▸ **What the exercise asks**: Return the listing below character for character.

*** Begin section ***

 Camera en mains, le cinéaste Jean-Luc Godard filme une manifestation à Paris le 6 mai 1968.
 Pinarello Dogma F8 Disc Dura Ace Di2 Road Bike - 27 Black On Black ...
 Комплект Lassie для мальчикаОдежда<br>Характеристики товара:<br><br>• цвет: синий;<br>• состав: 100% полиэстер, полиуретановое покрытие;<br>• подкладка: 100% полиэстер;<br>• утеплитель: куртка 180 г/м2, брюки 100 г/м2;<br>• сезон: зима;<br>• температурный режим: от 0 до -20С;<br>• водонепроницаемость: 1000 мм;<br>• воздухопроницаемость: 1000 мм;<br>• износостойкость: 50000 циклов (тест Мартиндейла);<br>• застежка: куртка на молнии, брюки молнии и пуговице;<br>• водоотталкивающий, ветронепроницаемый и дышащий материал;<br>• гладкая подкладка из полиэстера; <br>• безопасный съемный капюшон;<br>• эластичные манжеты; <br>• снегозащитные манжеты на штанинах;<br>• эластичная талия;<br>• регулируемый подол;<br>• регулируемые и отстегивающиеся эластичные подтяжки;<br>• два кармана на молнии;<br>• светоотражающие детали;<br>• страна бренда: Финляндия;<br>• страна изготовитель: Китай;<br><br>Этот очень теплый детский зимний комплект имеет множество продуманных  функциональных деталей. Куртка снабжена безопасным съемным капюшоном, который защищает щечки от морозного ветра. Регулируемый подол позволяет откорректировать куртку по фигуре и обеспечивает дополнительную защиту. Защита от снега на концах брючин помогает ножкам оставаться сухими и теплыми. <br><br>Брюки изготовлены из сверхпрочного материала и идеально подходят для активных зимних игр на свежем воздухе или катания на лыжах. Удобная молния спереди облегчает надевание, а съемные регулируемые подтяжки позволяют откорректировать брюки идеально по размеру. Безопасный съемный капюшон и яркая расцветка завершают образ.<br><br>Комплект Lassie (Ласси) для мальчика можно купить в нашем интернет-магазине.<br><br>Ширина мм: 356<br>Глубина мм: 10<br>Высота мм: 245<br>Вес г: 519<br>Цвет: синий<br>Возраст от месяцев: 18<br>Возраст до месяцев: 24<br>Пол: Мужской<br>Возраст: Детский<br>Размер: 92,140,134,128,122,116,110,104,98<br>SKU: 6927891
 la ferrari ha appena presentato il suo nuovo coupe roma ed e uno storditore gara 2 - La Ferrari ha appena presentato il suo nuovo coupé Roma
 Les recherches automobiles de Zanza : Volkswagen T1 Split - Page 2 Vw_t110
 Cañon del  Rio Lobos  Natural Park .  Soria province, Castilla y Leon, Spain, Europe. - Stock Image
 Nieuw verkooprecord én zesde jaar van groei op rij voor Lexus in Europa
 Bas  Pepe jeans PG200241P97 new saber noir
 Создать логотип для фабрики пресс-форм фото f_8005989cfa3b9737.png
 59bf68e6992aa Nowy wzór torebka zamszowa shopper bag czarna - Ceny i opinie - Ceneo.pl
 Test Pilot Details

*** End section ***

▸ **Reply to the exercise**:
 Camera en mains, le cinéaste Jean-Luc Godard filme une manifestation à Paris le 6 mai 1968.
 Pinarello Dogma F8 Disc Dura Ace Di2 Road Bike - 27 Black On Black ...
 Комплект Lassie для мальчикаОдежда<br>Характеристики товара:<br><br>• цвет: синий;<br>• состав: 100% полиэстер, полиуретановое покрытие;<br>• подкладка: 100% полиэстер;<br>• утеплитель: куртка 180 г/м2, брюки 100 г/м2;<br>• сезон: зима;<br>• температурный режим: от 0 до -20С;<br>• водонепроницаемость: 1000 мм;<br>• воздухопроницаемость: 1000 мм;<br>• износостойкость: 50000 циклов (тест Мартиндейла);<br>• застежка: куртка на молнии, брюки молнии и пуговице;<br>• водоотталкивающий, ветронепроницаемый и дышащий материал;<br>• гладкая подкладка из полиэстера; <br>• безопасный съемный капюшон;<br>• эластичные манжеты; <br>• снегозащитные манжеты на штанинах;<br>• эластичная талия;<br>• регулируемый подол;<br>• регулируемые и отстегивающиеся эластичные подтяжки;<br>• два кармана на молнии;<br>• светоотражающие детали;<br>• страна бренда: Финляндия;<br>• страна изготовитель: Китай;<br><br>Этот очень теплый детский зимний комплект имеет множество продуманных  функциональных деталей. Куртка снабжена безопасным съемным капюшоном, который защищает щечки от морозного ветра. Регулируемый подол позволяет откорректировать куртку по фигуре и обеспечивает дополнительную защиту. Защита от снега на концах брючин помогает ножкам оставаться сухими и теплыми. <br><br>Брюки изготовлены из сверхпрочного материала и идеально подходят для активных зимних игр на свежем воздухе или катания на лыжах. Удобная молния спереди облегчает надевание, а съемные регулируемые подтяжки позволяют откорректировать брюки идеально по размеру. Безопасный съемный капюшон и яркая расцветка завершают образ.<br><br>Комплект Lassie (Ласси) для мальчика можно купить в нашем интернет-магазине.<br><br>Ширина мм: 356<br>Глубина мм: 10<br>Высота мм: 245<br>Вес г: 519<br>Цвет: синий<br>Возраст от месяцев: 18<br>Возраст до месяцев: 24<br>Пол: Мужской<br>Возраст: Детский<br>Размер: 92,140,134,128,122,116,110,104,98<br>SKU: 6927891
 la ferrari ha appena presentato il suo nuovo coupe roma ed e uno storditore gara 2 - La Ferrari ha appena presentato il suo nuovo coupé Roma
 Les recherches automobiles de Zanza : Volkswagen T1 Split - Page 2 Vw_t110
 Cañon del  Rio Lobos  Natural Park .  Soria province, Castilla y Leon, Spain, Europe. - Stock Image
 Nieuw verkooprecord én zesde jaar van groei op rij voor Lexus in Europa
 Bas  Pepe jeans PG200241P97 new saber noir
 Создать логотип для фабрики пресс-форм фото f_8005989cfa3b9737.png
 59bf68e6992aa Nowy wzór torebka zamszowa shopper bag czarna - Ceny i opinie - Ceneo.pl
 Test Pilot Details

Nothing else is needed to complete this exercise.